FITCuba 2019: Una feria donde Excelencias le lleva a las alturas

Globo Excelencias

La magia de los vuelos en globos aerostáticos históricamente ha seducido a millones de personas en el planeta. Sin embargo, en Cuba, este entretenimiento está condicionado por el recuerdo de un toldero habanero llamado Matías Pérez de hace más de 160 años.

Desde 2018, la empresa española WTB (Windtrotters Balloons), el Grupo Excelencias, la agencia Ecotur y el Club de la Aviación han hecho posible la realización de esos viajes en la isla, que ahora se ha convertido en una extraordinaria aventura.

En FITCuba 2019, nuevamente, Excelencias aspira a borrar los malos recuerdos asociados a Matías Pérez.

Ahí inicia esta experiencia en Cuba. ¿Cuál es nuestra oferta? Un viaje en globo con las vistas más épicas de la bahía habanera, adornado por el encanto histórico de la fortaleza de San Carlos de La Cabaña.

La actividad dura alrededor de una hora. La velocidad no excede los 20 km/h. ¿Lo mejor? Que se ha vivido algo diferente, el viajero percibe el paisaje desde una perspectiva y llega a donde pocos han llegado.

PARA ENTENDER LA HISTORIA

Lejos estuvo el célebre Matías Pérez de ser el primero en volar por los cielos de Cuba montado en un globo aerostático. Antes que él unos cuantos se remontaron en busca de las nubes y con mejor suerte.

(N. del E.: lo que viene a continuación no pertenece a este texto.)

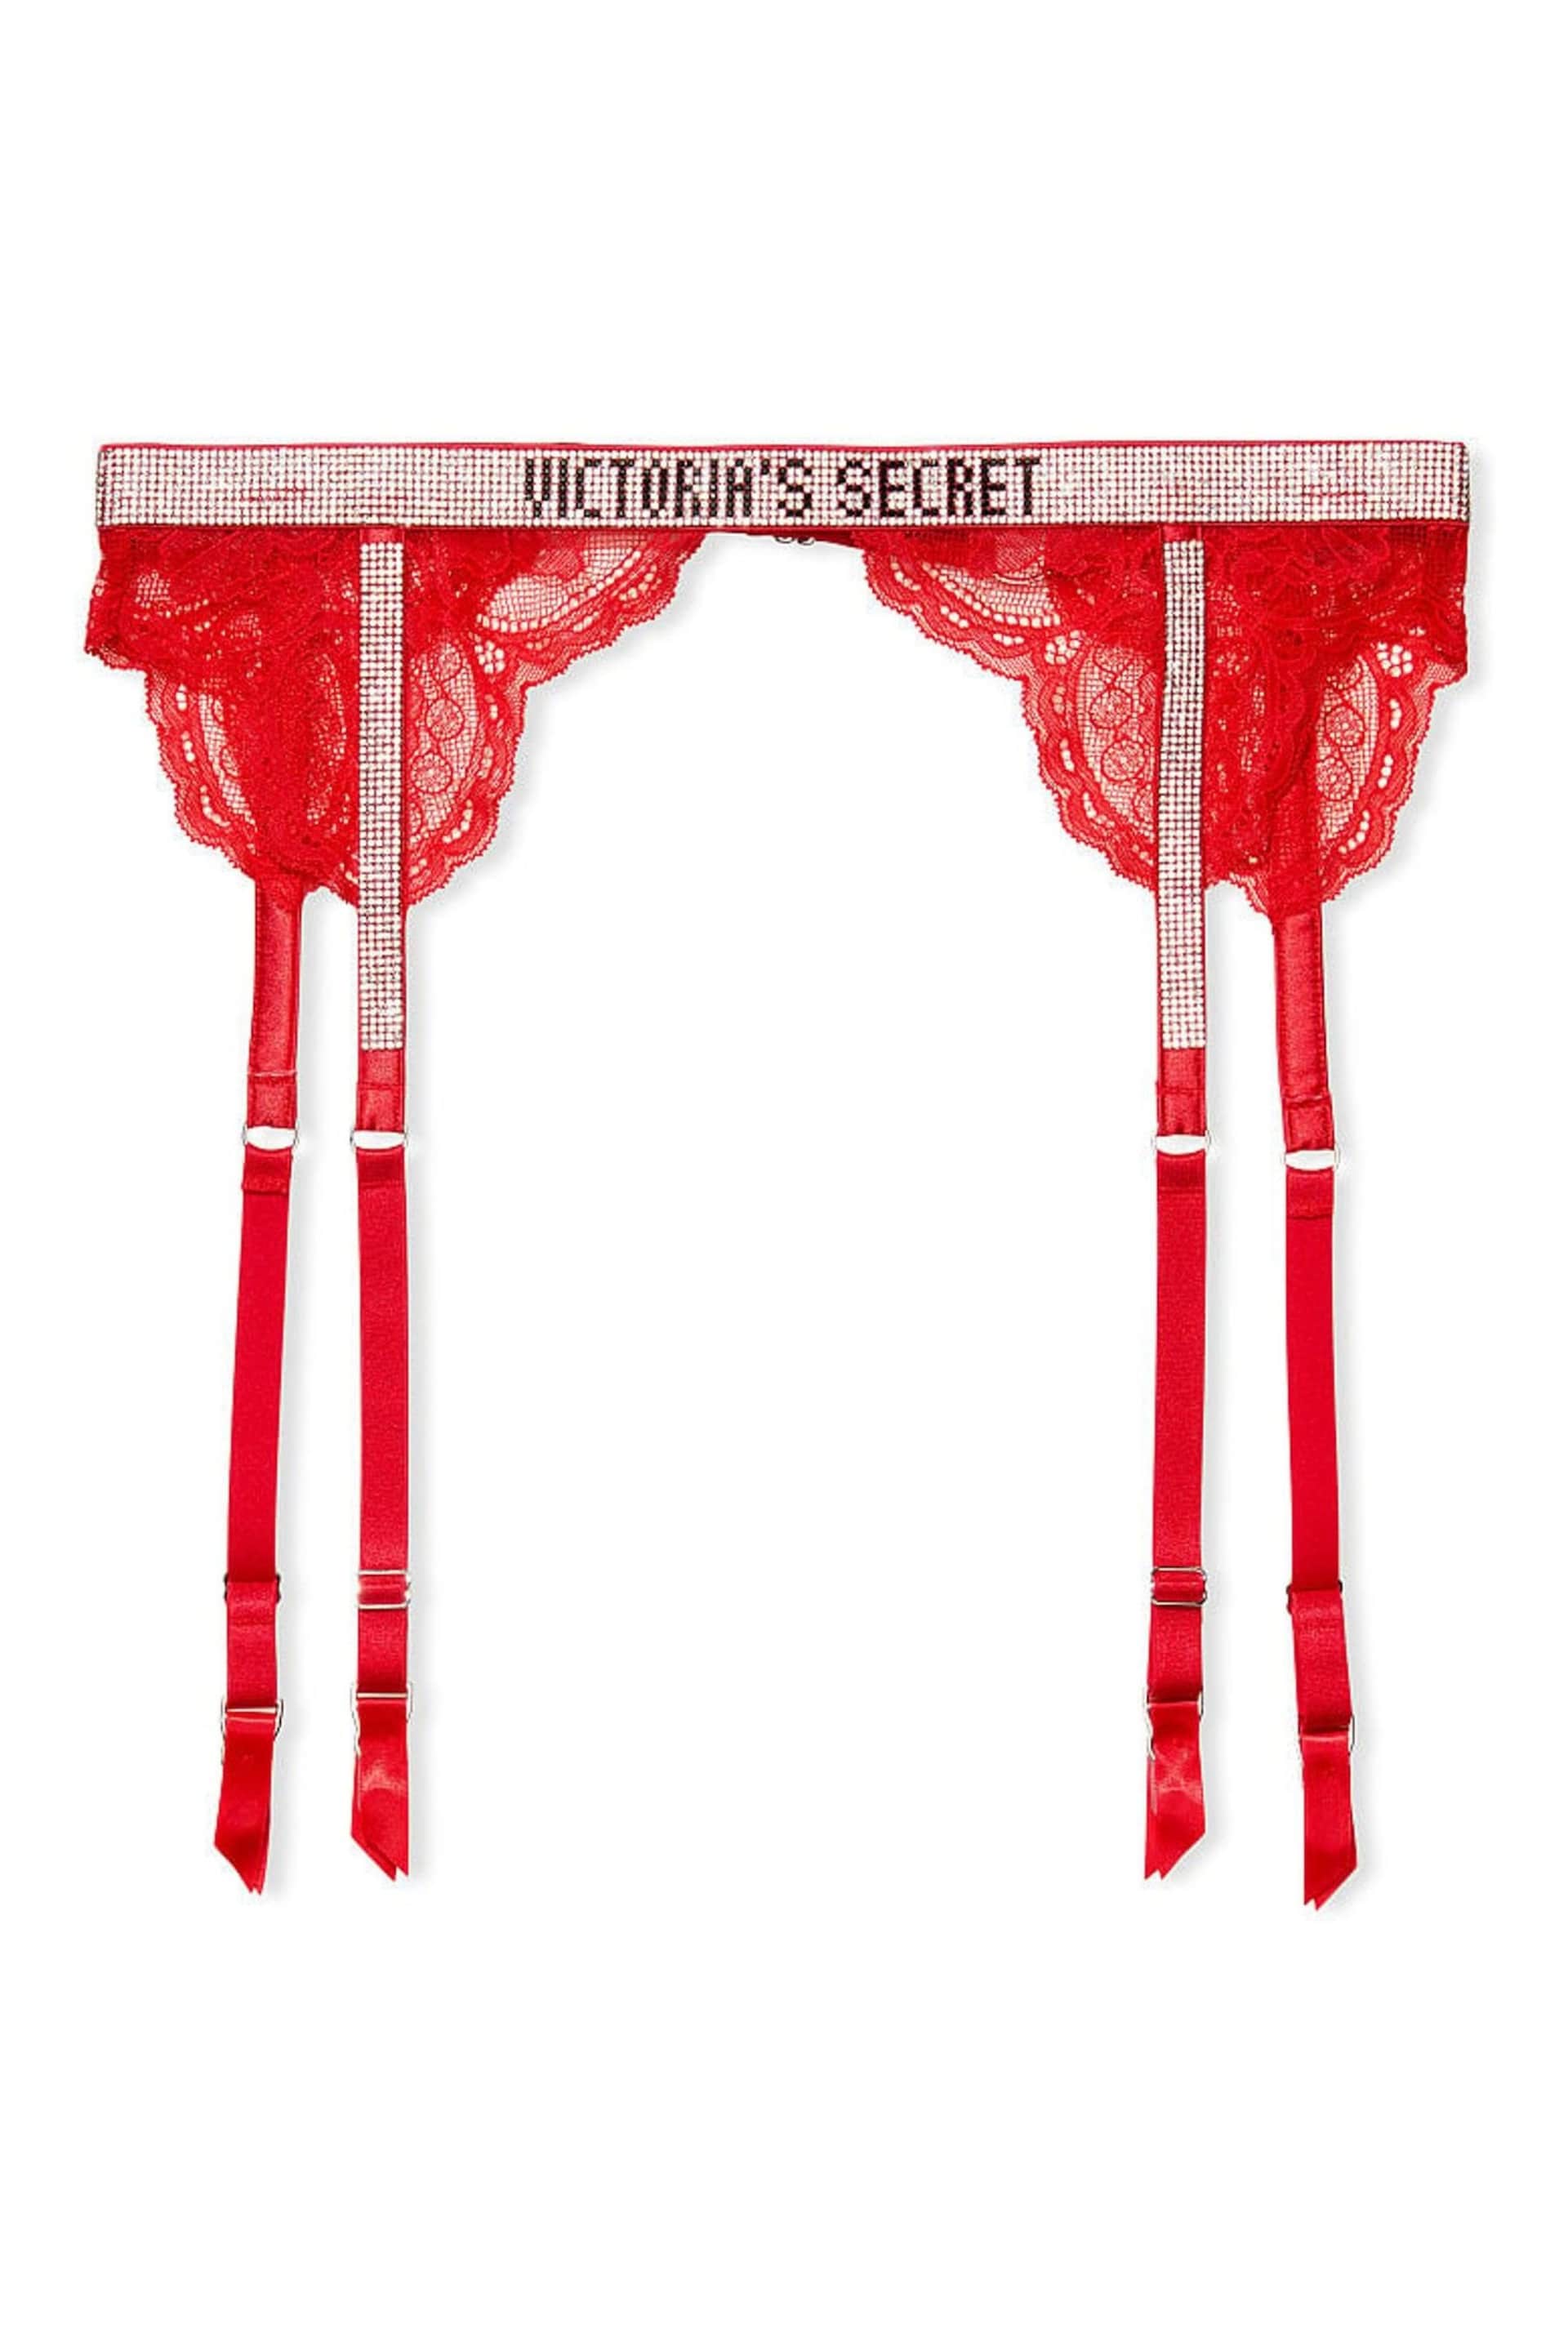 Victoria's Secret Lipstick Red Lace Shine Strap Suspenders - Image 4 of 4
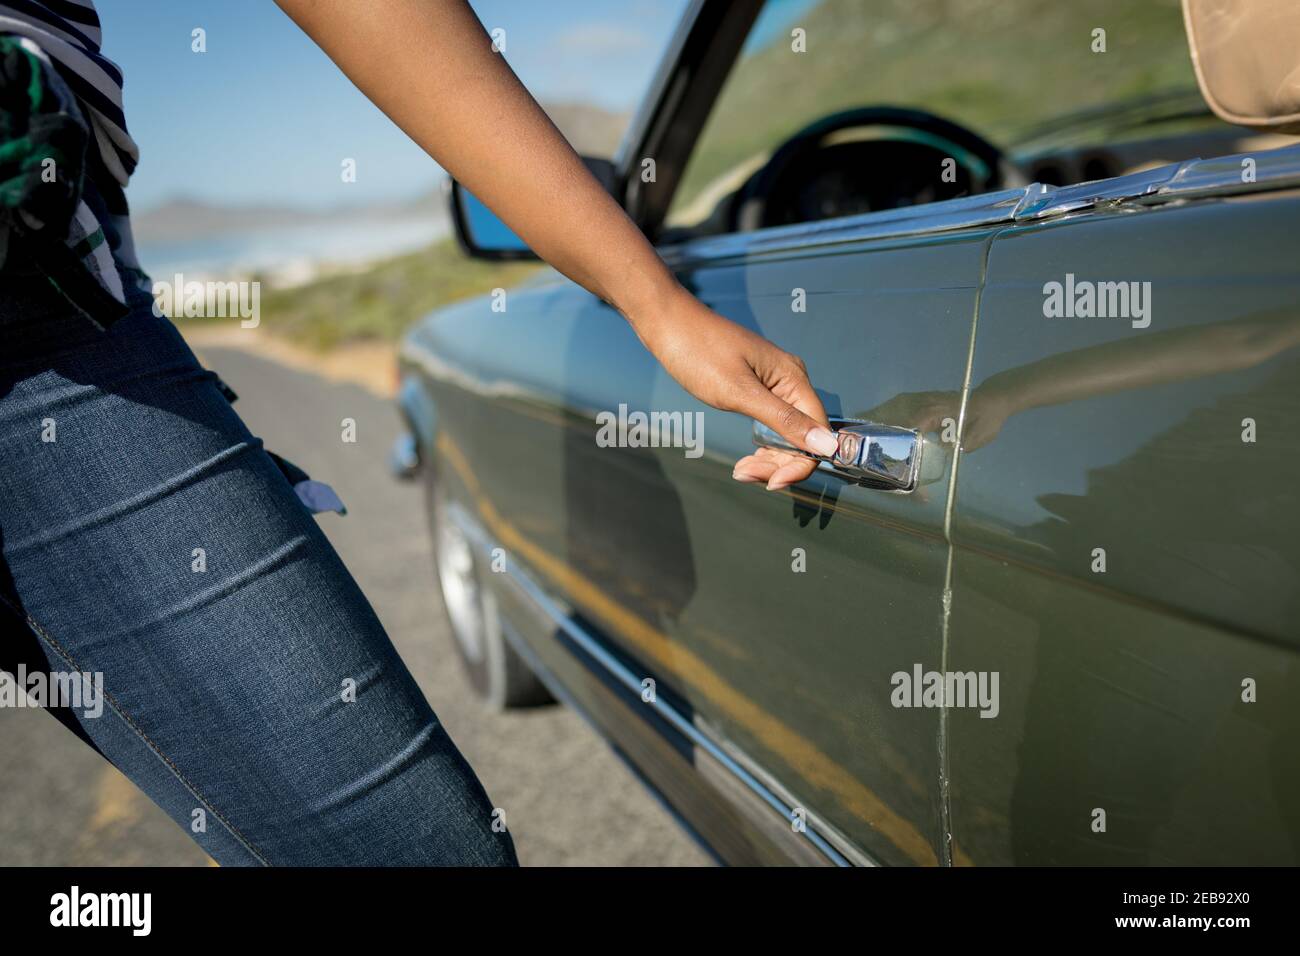 Misto gara donna in giornata di sole che entra nella vettura convertibile Foto Stock

En Cuba los globos aerostáticos comenzaron a ser conocidos en 1796. Todo indica que el primer aeronauta en esta tierra fue el francés Eugenio Robertson. El 19 de marzo de 1829 se elevó desde la Plaza de Armas de La Habana y cayó en un potrero cerca de Nazareno.

En 1830 lo hicieron Virginia Marotte, proveniente de Nueva Orleans, y el galo Adolfo Theodore, quien realizó tres subidas. Le siguió el cubano José Domingo Blinó con dos (1831 y 1833). Después vendrían, entre 1842 y 1856: Hugo Parker, William Paullin, Victor Verdalle y Boudrias de Morat. Eugene Godard destacó por realizar con éxitos varias ascensiones

Sin embargo, solo el llamado Rey de los Toldos, portugués de nacimiento, pero ya aplatanado en la Isla, no logró sobrevivir.

Este apasionado y estudioso de la aeronáutica, que compró en 1 200 duros un globo al famoso piloto galo Eugene Godard, llamado La Villa de París, realizó una primera prueba el 12 de junio de 1856, y en la mañana del 29 repitió el ascenso para nunca más volver.